Application migration and modernisation
Application migration is about moving IT workloads from on-premise to the cloud; modernisation is about using cloud-native capabilities to optimise the application.
Overview
The 7R’s of cloud migration
One of the early stages of cloud migration is an assessment of an organisation’s IT application portfolio. The outcome is a classification of each application according to seven common migration strategies (7 Rs) for moving applications to the AWS Cloud. These strategies are: refactor, re-platform, re-purchase, re-host, relocate, retain, and retire. When choosing a migration strategy, it is important to consider the level of effort required to implement each one, in relation to the potential benefits. Many organisations take a progressive approach choosing to take some of the benefits of relocation or re-hosting in the short-term and plan the refactoring as mid to long-term initiatives.
Migration from a 7R perspective
Re-host, re-platform, re-purchase, relocate are considered to be “migrations” as they are ways to move the application without substantial re-engineering.

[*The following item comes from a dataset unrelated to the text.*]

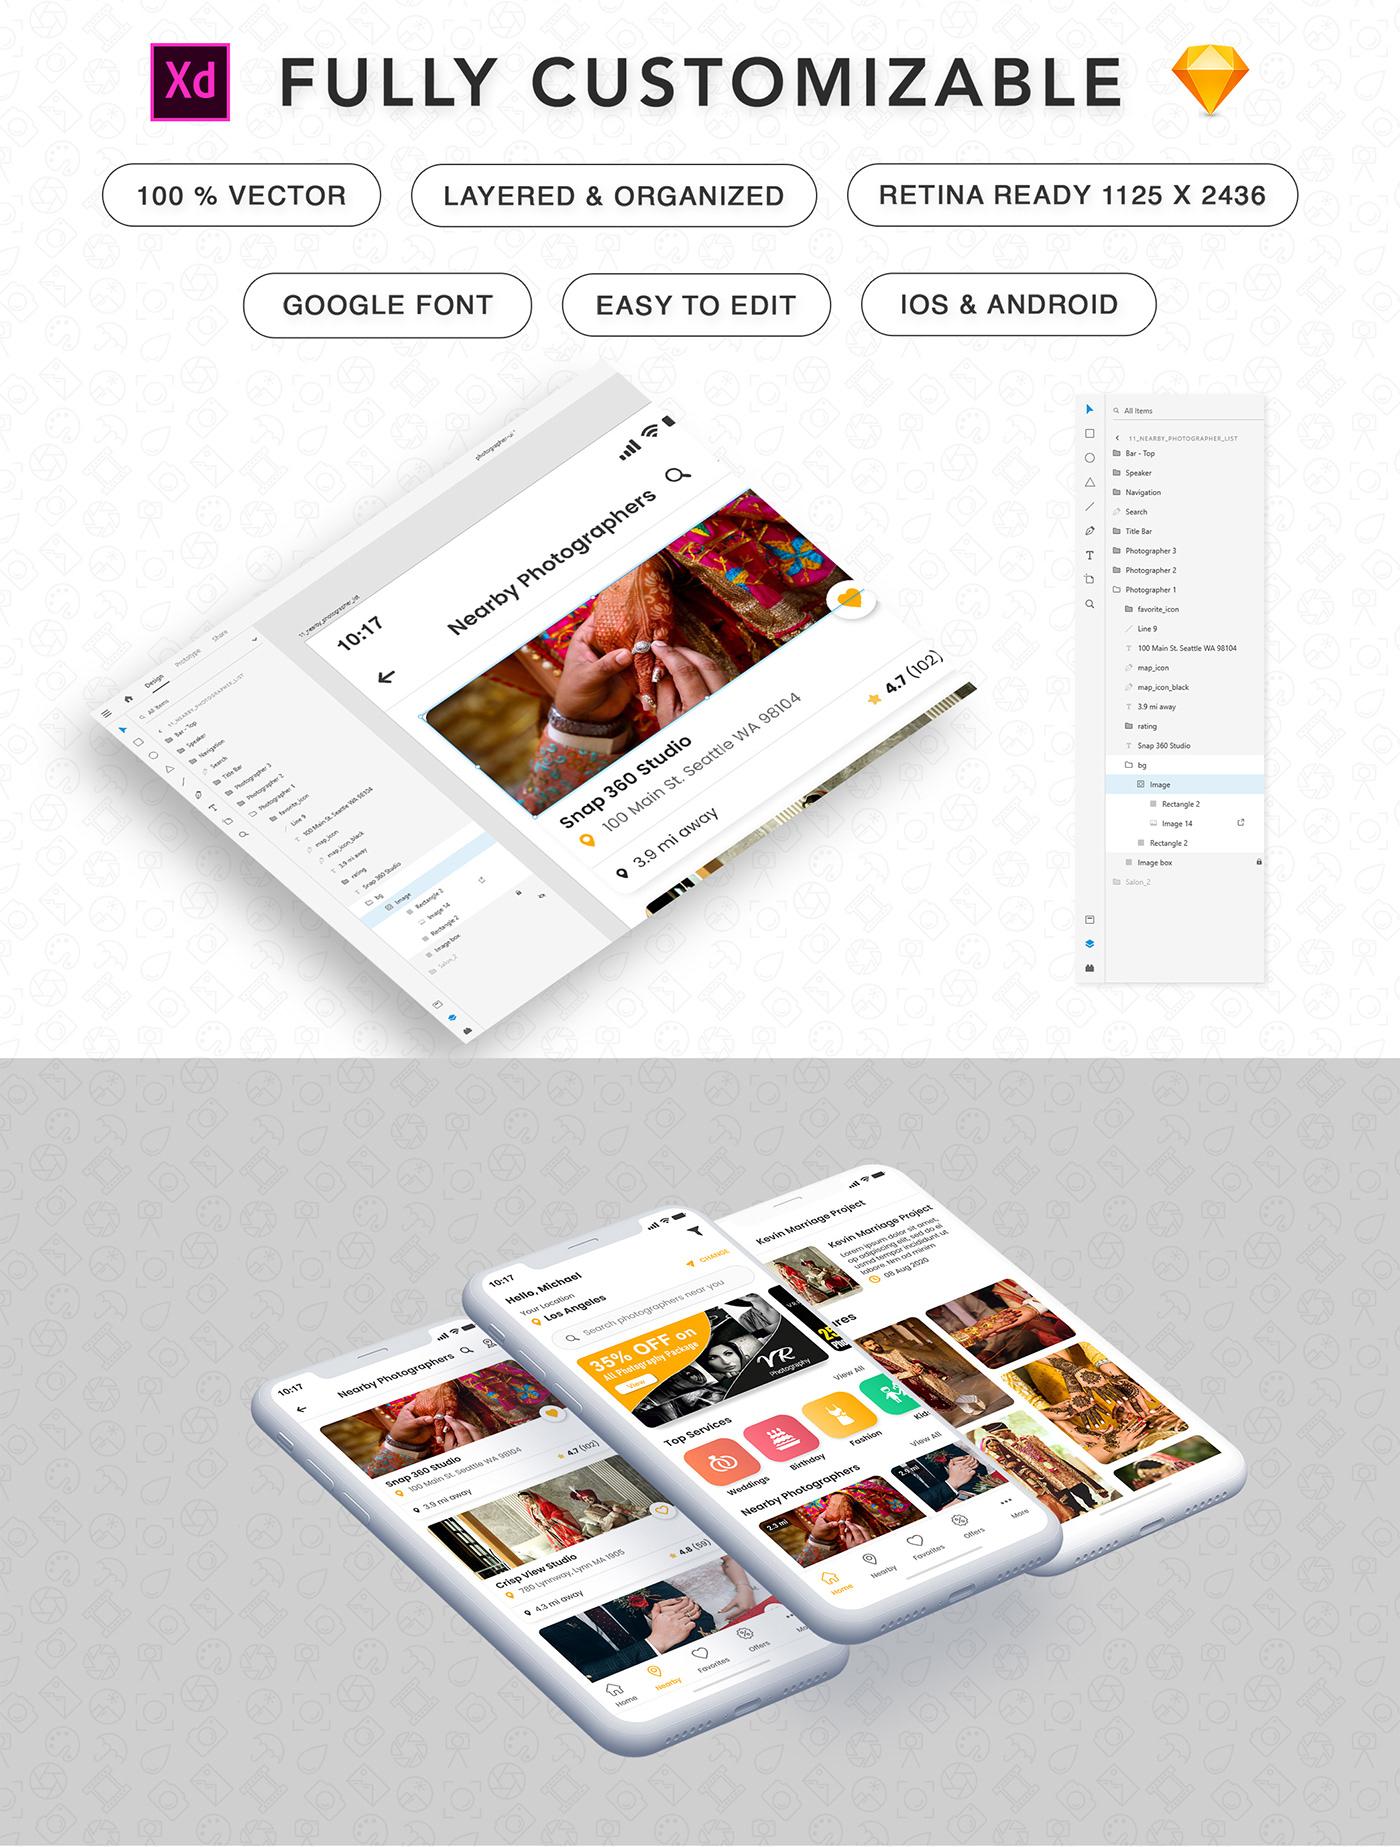 android Android App Find Photographer app iOS app design photographer Photographer app design Photography  photoshoot photostudio ui kit

- re-host (lift and shift) – Move an application to the cloud without making any changes to take advantage of cloud capabilities. Typically, this involves using IaaS to create “like for like” servers to match the legacy architecture.
- re-platform (lift and reshape) – Move an application to the cloud and introduce some level of optimisation to take advantage of cloud capabilities. Example: Migrate your on-premises Oracle database to Amazon Relational Database Service (Amazon RDS) for Oracle in the AWS Cloud.

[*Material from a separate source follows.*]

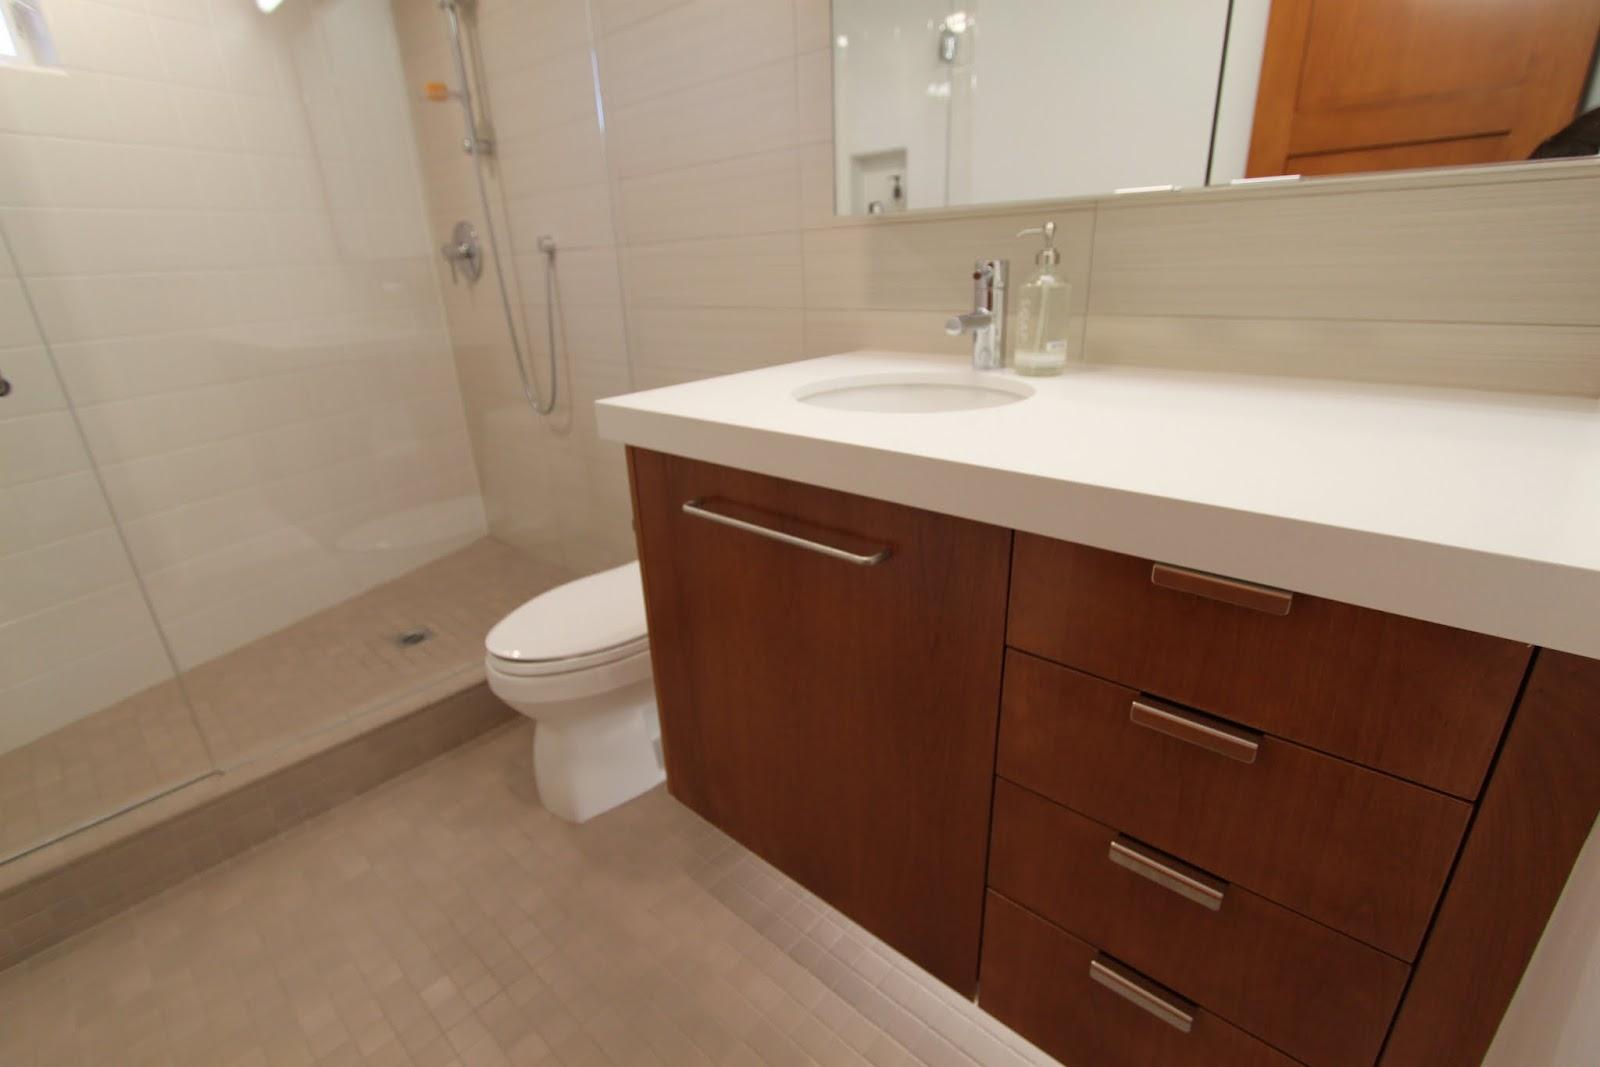 Mid Century Modern Vanity Upgrades Every Bathroom With

- re-purchase (drop and shop) – Switch to a different product, typically by moving from a traditional license to a SaaS model.
- relocate (hypervisor-level lift and shift) – Move infrastructure to the cloud without purchasing new hardware, rewriting applications, or modifying your existing operations. This migration scenario is specific to VMware Cloud, which supports virtual machine (VM) compatibility and workload portability between your on-premises environment and the cloud. You may continue to use the VMware Cloud Foundation technologies from your on-premises datacentres when you migrate your infrastructure to VMware Cloud.
Modernisation from a 7R perspective
Refactor, also called Re-engineer or Re-architect, entails moving the application and modifying its architecture to take advantage of cloud-native features to improve agility, performance, and scalability. Refactoring usually entails several activities ranging from containerisation, to using APIs and microservices to going cloud native and serverless.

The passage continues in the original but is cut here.